2. Reduction in the lifetime allowance
From 6 April the lifetime allowance, the aggregate maximum capital value of all tax-advantaged pension savings that a person can have, will be reduced from £1.25m to £1m. As with previous reductions, HMRC has announced that there will be a protection regime for those with pensions exceeding (or which are expected to exceed) £1m in value.
HMRC will publish full details in July, though its announcements suggest the use of a similar system of Fixed Protection and Individual Protection to that used following the 2014 reduction in the lifetime allowance.
While primarily an issue for employees and their IFAs, employers should notify high earning and/or long-serving staff that this may be relevant to them.
3. Tapering tax relief for higher earners
From 6 April, the annual allowance (the annual limit on the level of tax-relieved saving, currently set at £40,000) will be reduced for many earners with annual taxable income over £150,000. For those with taxable income of over £210,000 in a year, the annual allowance could fall to £10,000.
Employers need to assess which of their staff may be affected and decide whether to limit pension contributions and/or re-shape the benefits paid to higher earners. Any changes will then need to be implemented and communicated to affected staff.
Have GMPs accrued in your defined benefit pension scheme?
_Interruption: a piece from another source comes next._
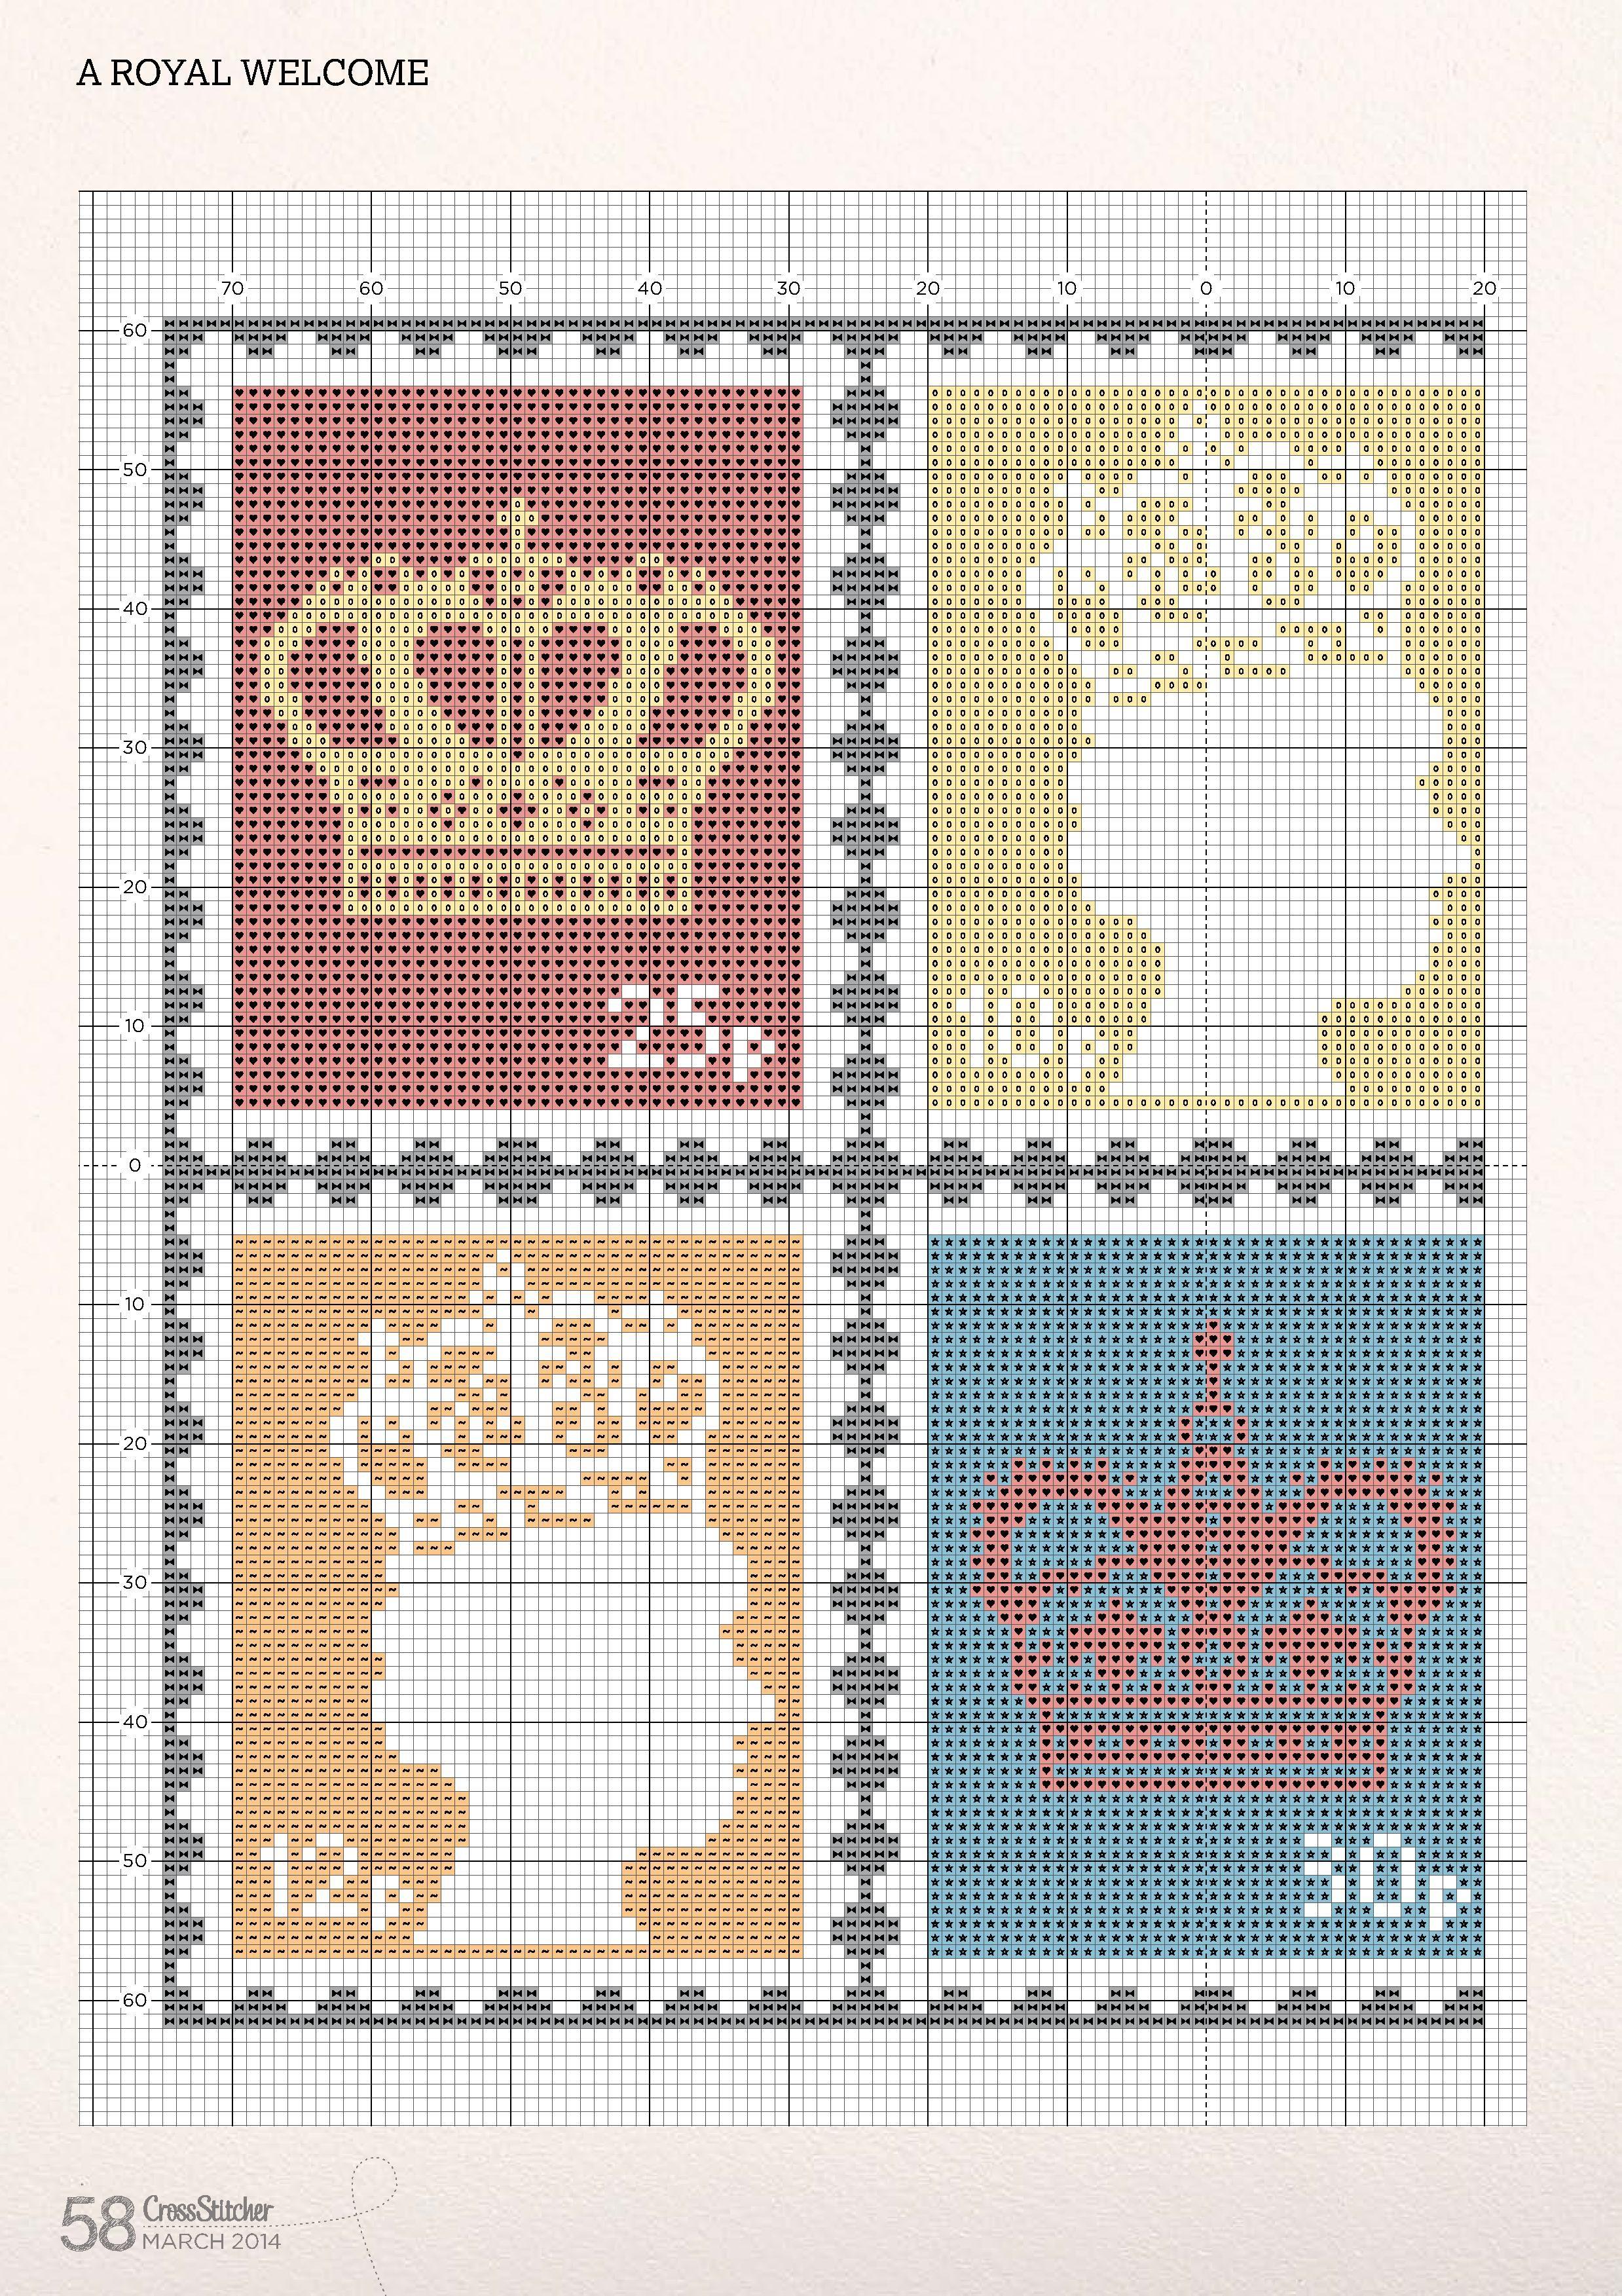 Queen Elizabeth Postage Stamps

Trustees should have started to reconcile their GMP records with those of HMRC to avoid paying incorrect member benefits and adversely affecting members’ state pension entitlements.
Trustees have until 5 April to register for HMRC’s reconciliation service. Failure to register in time will mean HMRC’s records will be deemed to be the correct records. The opportunity to have them amended will be lost, regardless of any evidence the scheme or employer may hold to the contrary.
Employers should check that the scheme trustees have registered with HMRC. Employers should note that reconciliation exercises can be costly and may result in benefits having to be increased, which would have an impact on the scheme’s liabilities.
Employers with an open DB contracted-out scheme need to plan for 6 April, when the single-tier state pension will be introduced and the National Insurance (NI) rebates payable in return for contracting-out will cease. The loss of these rebates effectively means a 3.4% increase in employer’s NI contributions and a 1.4% increase in employee contributions.
Employers have a range of options available to manage this increased cost, including simply absorbing it, introducing salary sacrifice, closing the DB scheme to future accrual or taking a middle course, either increasing employee contributions or reducing future accrual rates by using a statutory overriding power.
Employers in this position should consider what if any steps they will take to mitigate the increased NI costs and should inform employees that their NI contributions will increase from April.